Economic Release Highlights

  • 371mm jobs created in August beat expectations with unemployment rates falling to 8.4% (U3) and 14.2% (U6). However, the number of permanent job losses increased again, and we are only halfway back to the 152mm payroll figure registered pre-CoVid-19 back in February.
  • August ISM manufacturing index rose sharply and handily beat expectations (56.0a vs 54.5e). The ISM non-manufacturing of 56.9 and ISM composite of 56.8 were encouraging as well.
  • The final U.S. August PMI manufacturing read was revised downward slightly from 53.6 to 53.1. The global August manufacturing PMI increased 1.2pts to 51.8, a second straight month of expansion and fourth consecutive month of improvement.
  • July durable goods orders of 11.2% MoM crushed consensus of 4.3% and added to May and June’s recovery trajectory.  
  • After sinking sharply in July to 91.7, August’s consumer confidence reading declined further and fell far short of expectations (84.8 vs 93.0). UofM consumer sentiment came in slightly higher than expected at 74.1 vs a 72.8 forecast. 

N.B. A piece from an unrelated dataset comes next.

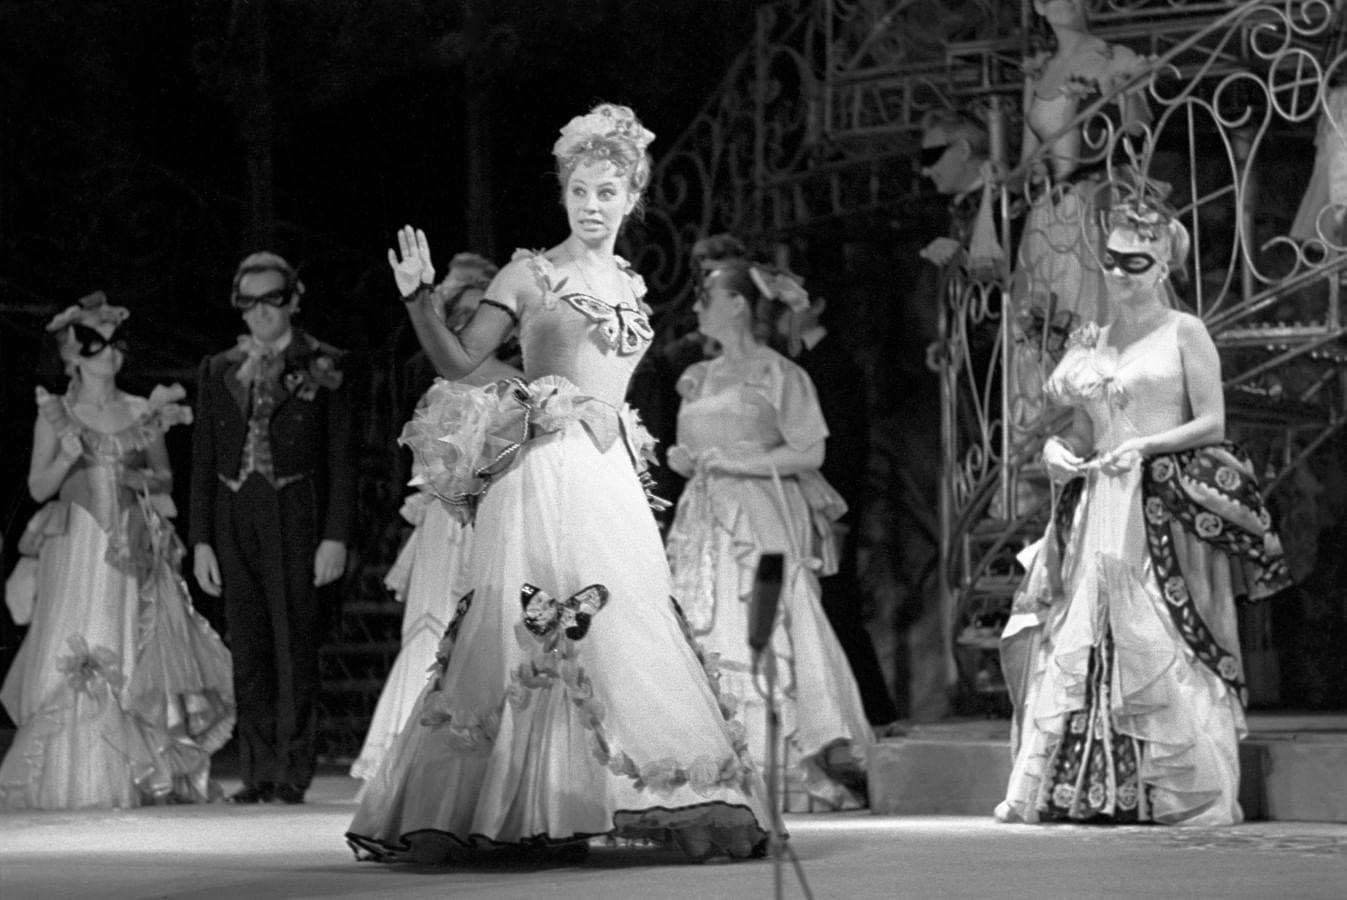 Оперетта «Летучая мышь». Московский государственный академический театр оперетты, 1974 год. Фотография: ТАСС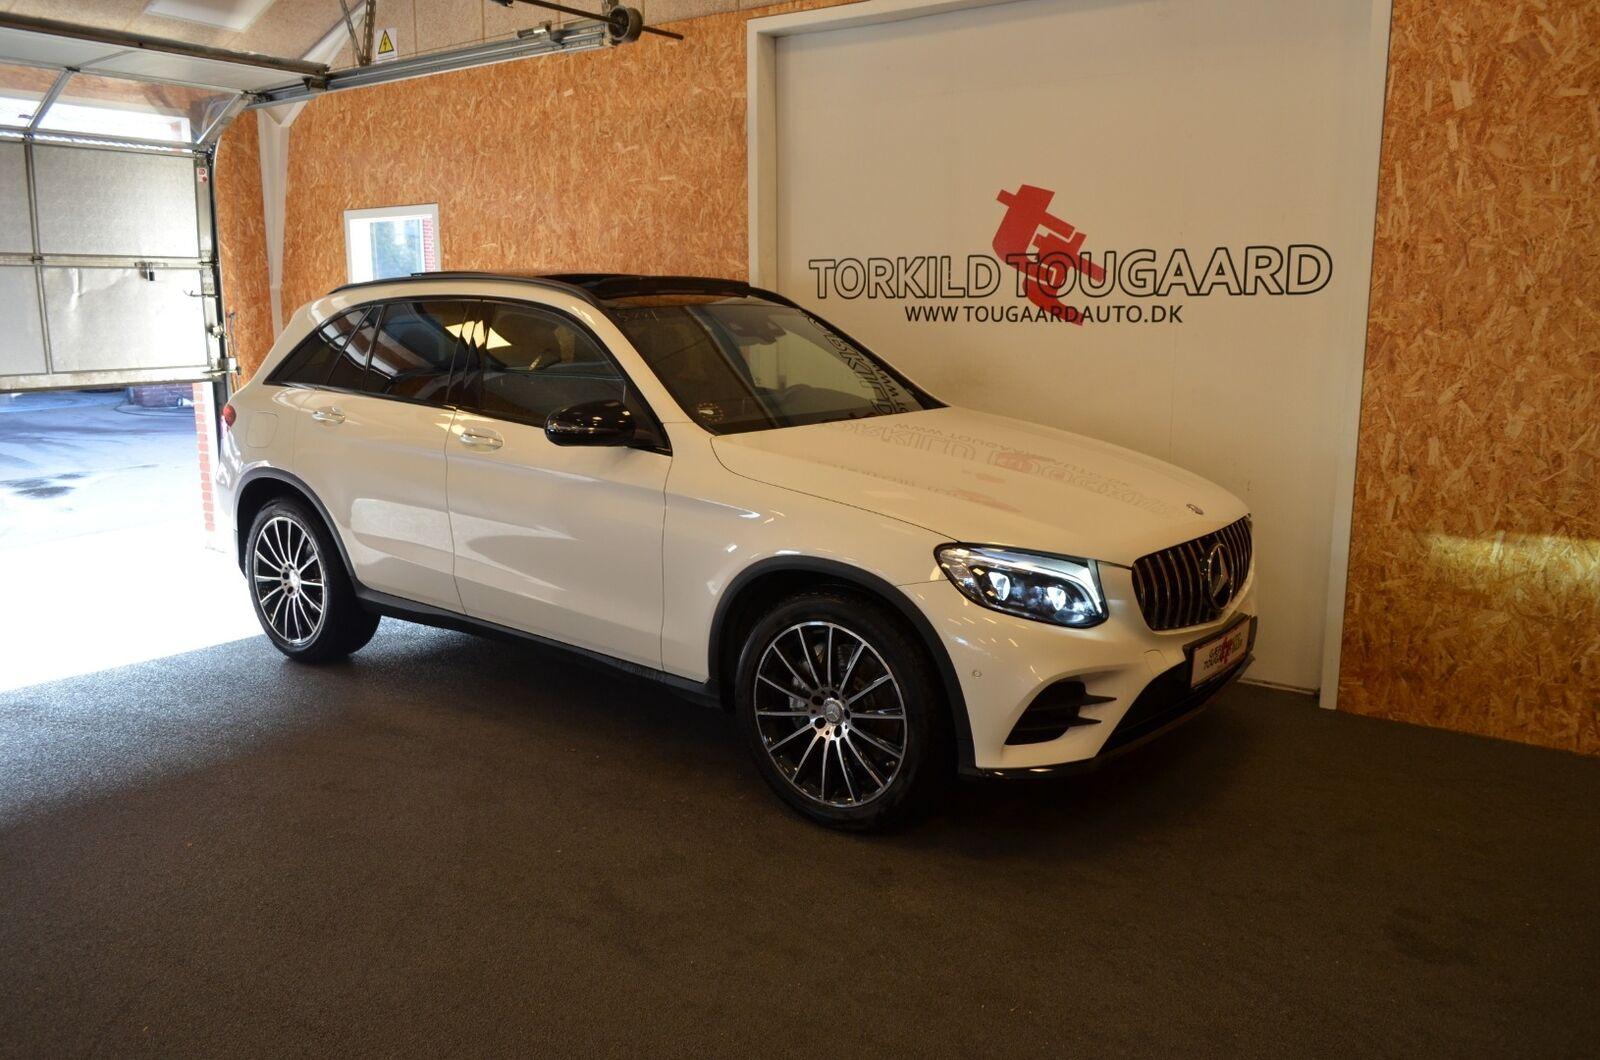 Mercedes GLC220 d 2,2 AMG Line aut. 4-M 5d - 549.800 kr.

  • August Housing Market Index (homebuilder sentiment) tied a record high reading of 78, easily surpassing expectations for a 74. Starts (1.496mm vs 1.24mm) and permits (1.495mm vs 1.32mm) blew the doors off. This was the best building permits number since January.
  • Existing home sales (5.86mm vs 5.4mm), new home sales (901k vs 774k), and pending home sales (5.9% vs 1.5%) all grew well in excess of consensus expectations.  Existing home sales increased 24.7% MoM while new home sales beat estimates for a third straight month.